# Wordpress vs zenfolio, shutterfly and other similar sites



## onelove (Aug 25, 2016)

Hello,

I am about to set up a site for my photos and a blog.  I am reasonably experienced in WordPress and have no issues developing a site.  I intend to monetize the blog with affiliate and CPA marketing as well as sell prints and other custom products.

My question:  Is there any advantage, such as increased visibility or marketing reach, to using one of the photo hosting sites over my own WP site?

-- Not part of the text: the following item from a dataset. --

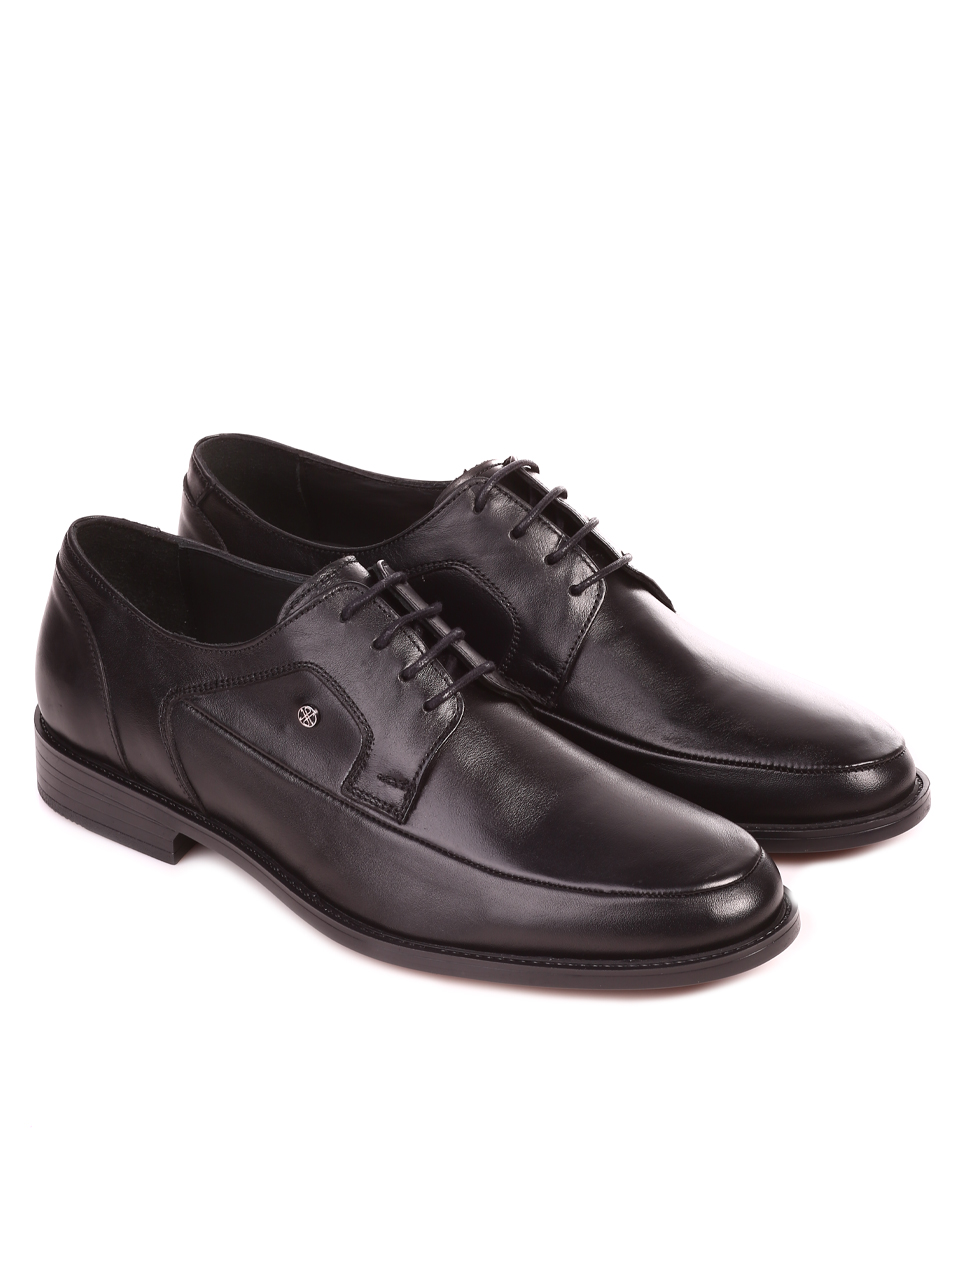 Елегантни мъжки обувки от естествена кожа 153-5833 black

Thanks for your wisdom and experience


----------



## tirediron (Aug 25, 2016)

I don't believe so.  It's a matter of establishing your presence on the 'net and ensuring that your SEO is as good as it can be.


----------



## Gary A. (Aug 25, 2016)

I know of many pros who use Smugmug for their sales.  The pros I know claim that Smugmug is great for how the sales end operates and for prints.


----------



## dennybeall (Aug 28, 2016)

If you do it right having your own website is far superior. You can control the presentation. If you want to do something you just do it. The problem is in the software for doing the things you want on the site.
There are things to do to make your site show up better on Google.


----------



## onelove (Aug 29, 2016)

Thanks folks.  This confirms my thoughts.  I can see where some of the features on the photo hosting sites might be convenient for wedding pros etc, but I am only interested in travel and fine art.  WP will be perfect for me.

Time to fire up a WP site


----------